The data made available here is an excerpt of the original files that is formatted for ease of use. The raw sets have been extracted from the propriatory MINFLUX files produced by the MINFLUX-IMSPECTOR software (Abberior GmbH). The values are provided unaltered.
The sets used in the analysis part of our paper, were processed as stated in Data Processing.
Python Environment
Requirements: miniconda or anaconda installed.
Dont forget that you can "skip registration" even when installing anaconda don't get confused by the dark pattern they put up.
Create the environment
Open a terminal or anaconda prompt and navigate to the root of the repository. Then run the following command:
conda env create -f python_env.yml
After that you can activate the environment with:
conda activate MFX_data
Directory Structure - Where to find what
root:.
.ruff_cache
0.11.8
data
npz_files_processed
change_DMP
change_dT
change_PL
dye_sample
TIRF_Reference
npz_files_raw
change_DMP
change_dT
change_PL
dye_sample
TIRF_reference
data_access_utils
__pycache__
sequences
container
custom
background
change_DMP
change_DT
change_PL
dye_sample
sequence_utils
__pycache__
Data Directory
The data is stored in the data directory. The data is split into two directories: npz_files_raw and npz_files_processed. The raw files contain the original data as extracted from the files exported from the MINFLUX-iMSPECTOR software. The processed files are the files that have been filtered and analyzed as described in Data Processing.
We chose the .npz format to store the files in a conveneint and efficient way. The data is stored in a dictionary with the following keys:
['Z', 'Y', 'X', 'T', 'ECO', 'EFO', 'TID', 'TIC', 'ITR', 'ID']
Sequence Directory
The sequence files are stored in the sequences directory and split into two directories: container and custom. The container directory contains default sequence iteraion blocks provided by the manufacturer (Abberior Instruments GmbH). These sequence files can be used to generate and or modify the MINFLUX sequences for the experiments.
The custom directory contains the custom sequence files used for our experiments. The sequence files are stored in a directory structure that reflects the experiment they were used in.

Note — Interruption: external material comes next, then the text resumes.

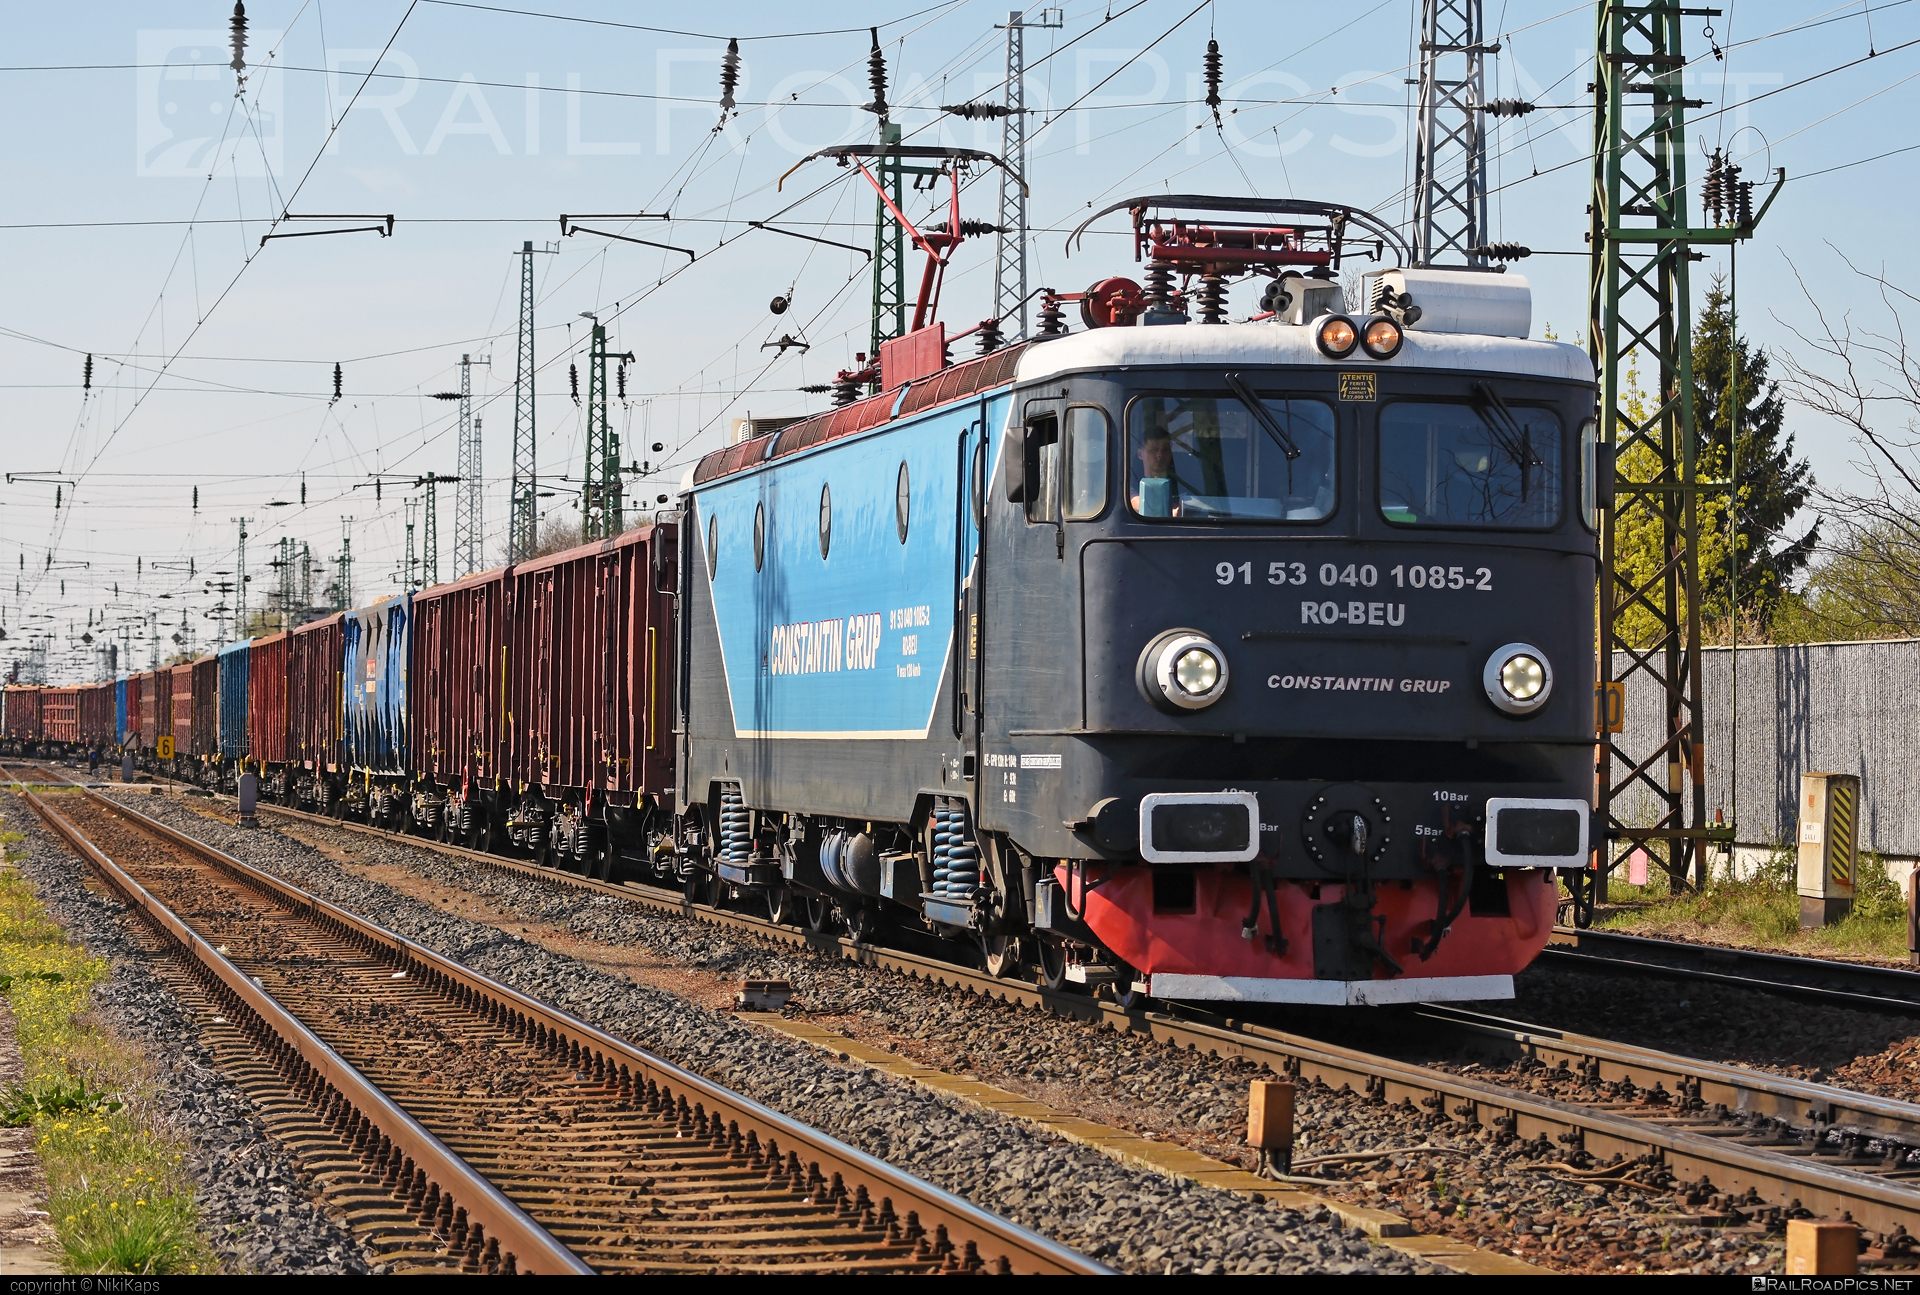 Electroputere LE 5100 - 040 1085-2 operated by SC CONSTANTIN GRUP #constantingrup #electroputere #electroputerecraiova #electroputerele5100 #le5100 #openwagon #scConstantinGrup

All custom files are stored in the .json format and can be implemented straight forwardly into your own experiments. They can be opened and modified with any text editor. We advise to consult Appendix II - Parameter Overview of the journal article.
Data Access Utils
The data access utils are stored in the data_access_utils directory. The directory contains two files: data_tools.py and dataset.py. The data_tools.py file contains the functions to access the data in the .npz files. The dataset.py file contains the class to access the data in the .npz files. The class is used to store the data and metadata in a convenient way. A demo of the access tools can be found in the data_access_utils/how_to_access_the_data.ipynb file. The demo shows how to use the data access tools to access the data in the .npz files. The demo is a Jupyter notebook and can be opened with any Jupyter notebook viewer.
Sequence Utils
We provide a small set of verification tools to quickly check for sequence duplications or id-filename-mismatches that can occur when modifying the sequence files and lead to unexpected errors during the experiment.
Use the script found in sequence_utils/verify_sequences.py either from CLI or via Python. Please, find a demo of the sequence verification tool under sequence_utils/how_to_verify_the_sequences.ipynb. The demo shows how to use the sequence verification tool to check for sequence duplications or id-filename-mismatches. The demo is a Jupyter notebook and can be opened with any Jupyter notebook viewer.
Data Format
The data is stored in the .npz format. The raw data is stored in a dictionary with the following keys:
['Z', 'Y', 'X', 'T', 'ECO', 'EFO', 'TID', 'TIC', 'ITR', 'ID']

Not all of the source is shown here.